● Work request:
Below this line is a listing that includes pictures. Copy exactly, and only, the lines from the one containing "Finland vakantie vuokatti hepokongas" through the one containing "Más de 1.000"; the pictures do not go in the copy.

#### Records provided ####

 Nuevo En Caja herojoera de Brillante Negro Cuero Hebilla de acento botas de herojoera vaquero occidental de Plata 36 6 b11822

####
#### Records provided ####

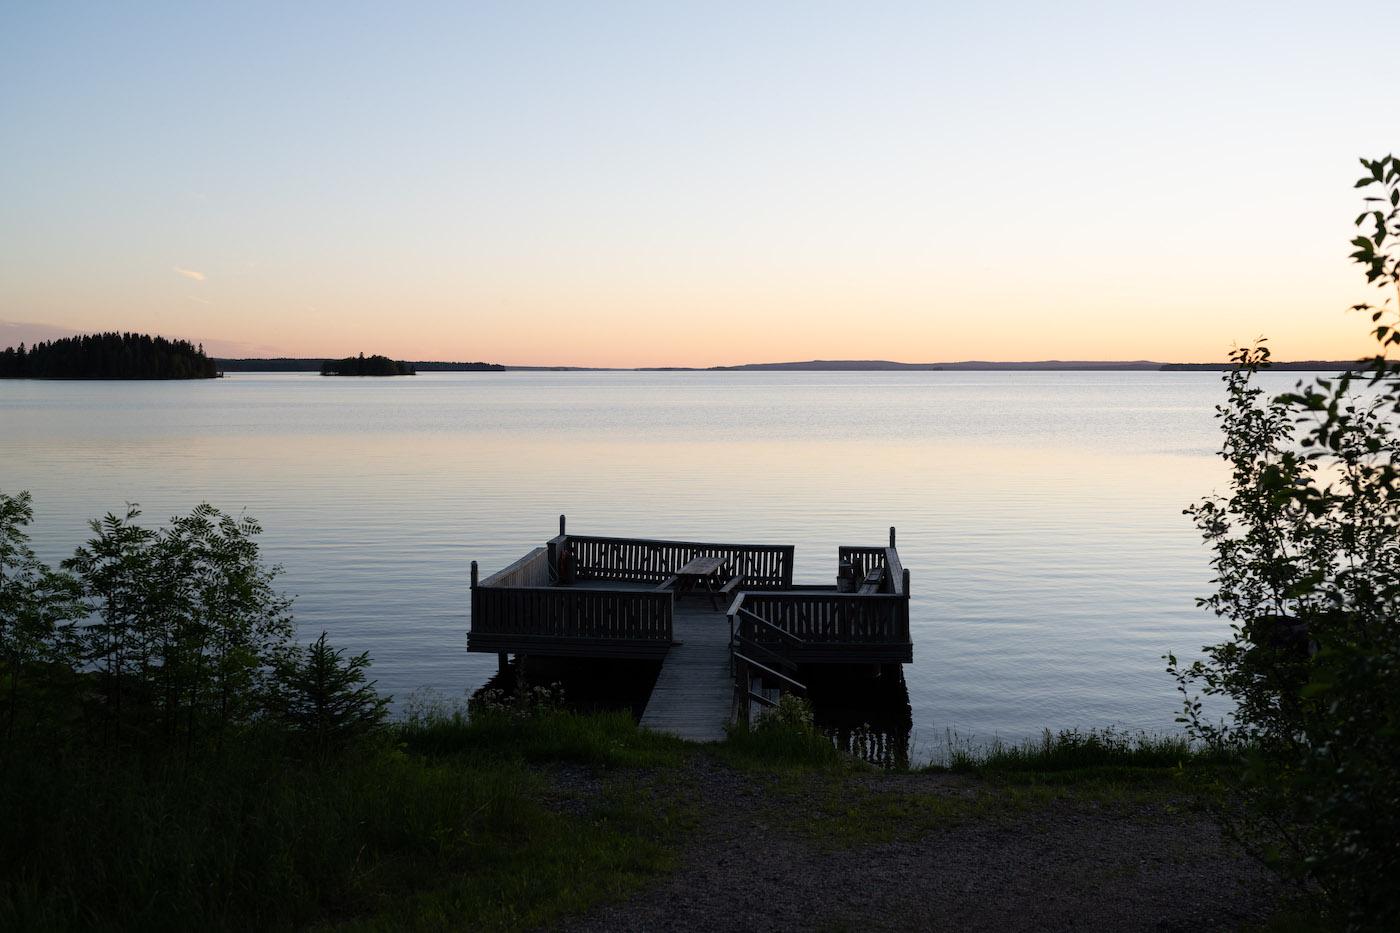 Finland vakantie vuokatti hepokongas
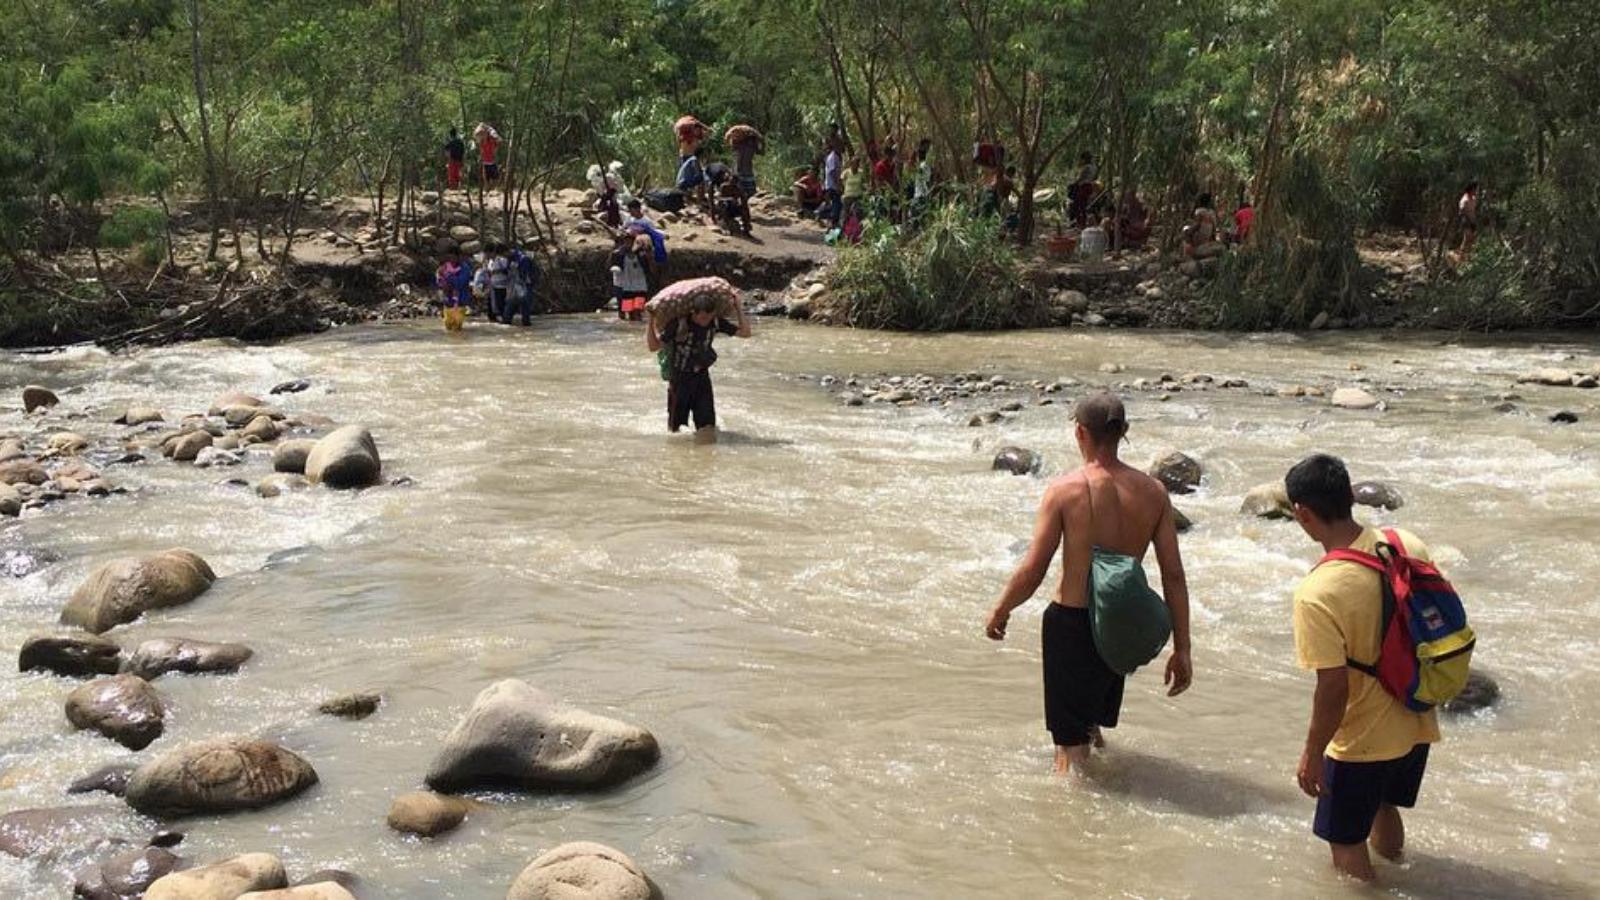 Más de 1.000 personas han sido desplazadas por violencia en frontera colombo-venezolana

####

● Output below:
 Finland vakantie vuokatti hepokongas
 Más de 1.000 personas han sido desplazadas por violencia en frontera colombo-venezolana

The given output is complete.